Fine with learning itself being 'fun'.

I can expect good learning behaviours. It is not just a click my fingers and it happens it is a taught process. I've done it across a very challenging school with some very difficult children. I know it can be done and I know the benefits that resulted.

And the children who struggle are the ones who most need to be taught how to behave in a class. They often have had no one every show them what good learning behaviours are!!

I had a very low exclusion rate. I would not just say do it or get out. That would be stupid.

Anonymous said...

Agree with the unhelpfulness of polarisation. However, you still appear to be polarising the discussion yourself, Peter, by talking about ‘children putting up with the boring stuff’.
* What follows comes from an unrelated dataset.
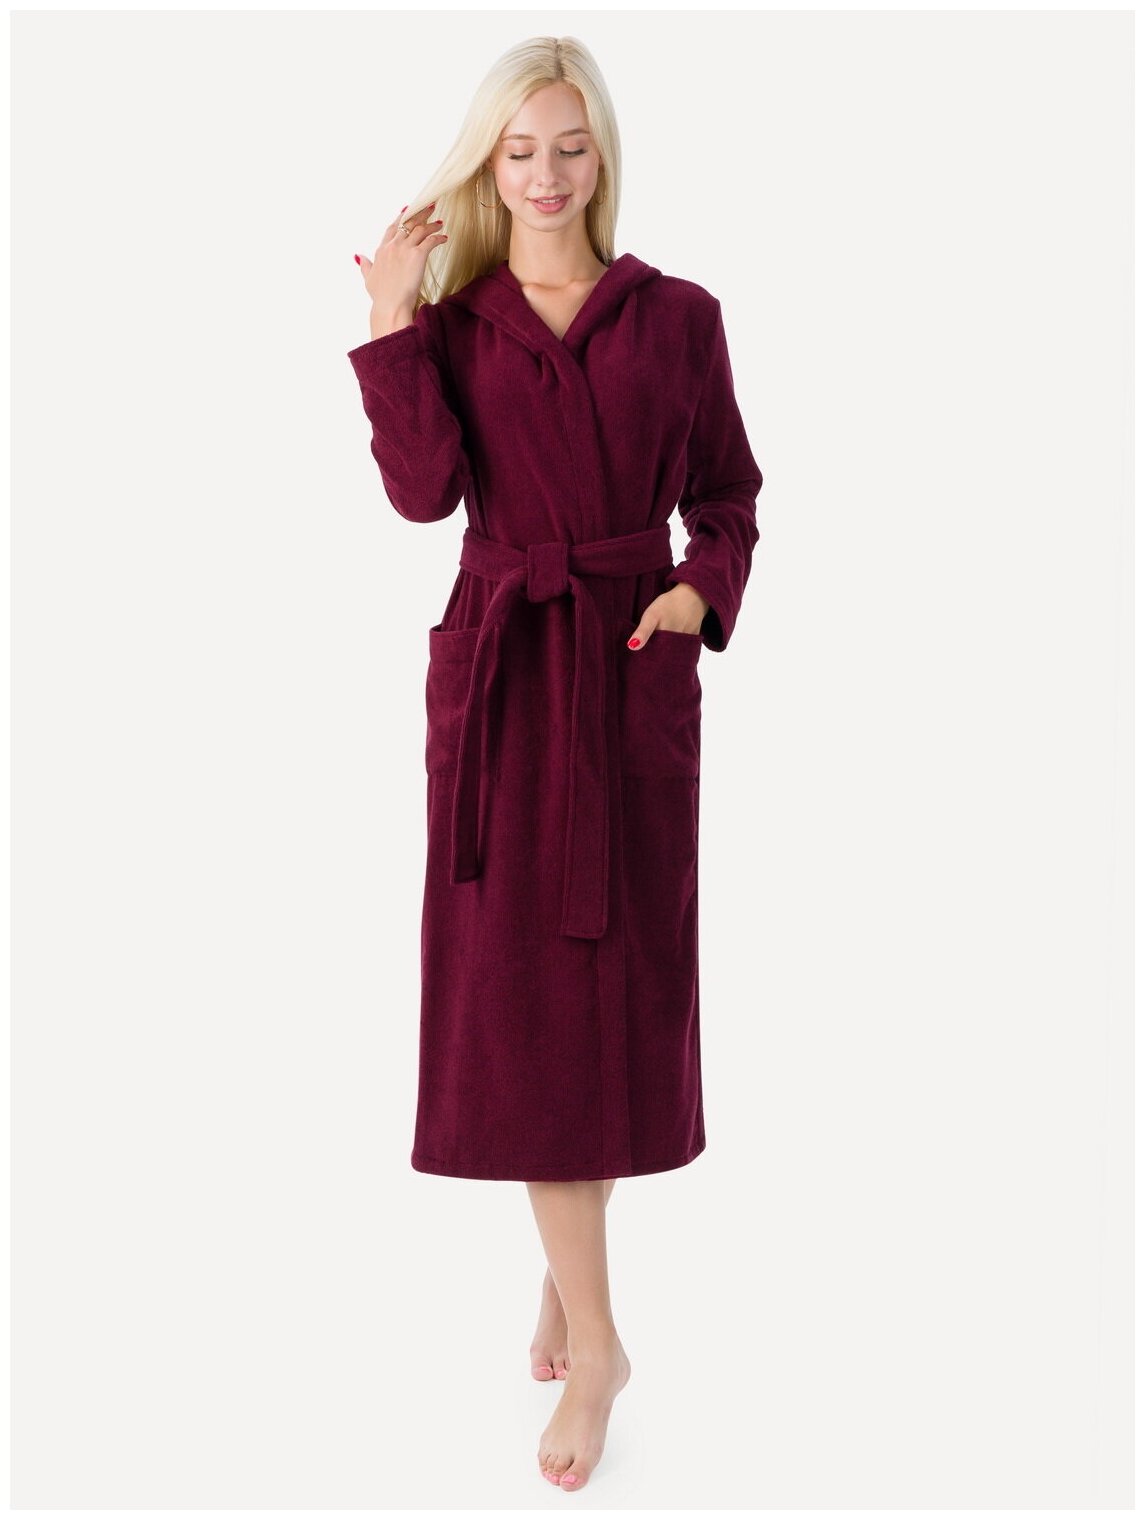 Женский халат с капюшоном, темно-бордовый - фотография № 2

When my daughter was in Y6, she was often bored to tears, literally. She said it was because all they were doing at school was revising for KS2 SATs. Finding this difficult to believe, I talked to her class teacher. She confirmed my daughter’s assessment of the situation, and added “I do try to make the work interesting.” Her justification for the tedium being inflicted on the children was that it was in their long-term interests to do well in KS2 SATs and the route to high achievement was via intensive revision.

I pointed out that learning was inherently interesting for children – because learning was what they did whether they were taught or not - so it shouldn’t be necessary to have to *make* it interesting; my daughter’s problem was that she wanted to learn but wasn’t learning anything. She was simply rehearsing stuff she already knew, ad nauseam. I also asked how achievement in KS2 SATs was important in the long-term. I was treated to a demonstration of correlation being conflated with causality. Her teacher believed that because KS2 SATs performance predicted GCSE grades, it must therefore be the cause of the GCSE grades. In other words, if you flunked your Y6 SATs, all was lost.

I took up this issue with the deputy head, who taught my daughter maths, with which my daughter was completely engaged. Between the lines she made it clear that she completely understood the correlation/causality issue, but that she felt like a lone voice crying in the wilderness.

If you understand what you’re teaching, and the kids understand what they are learning and why it’s important (because it’s part of life, not because some faceless bureaucrat has determined that they should be taught it), the effort is inherently rewarded by understanding, and there’s no need for added sugar-coating or ‘fun’.

RealBridge Logon said...

Ye. Thanks for the extensive comments. I think that teachers should not need to try to make things that children are learning interesting and I do agree that the purpose matters. I am not keen on the sole purpose being to meet the demands of a terminal examination but ought to be framed in the context of the content.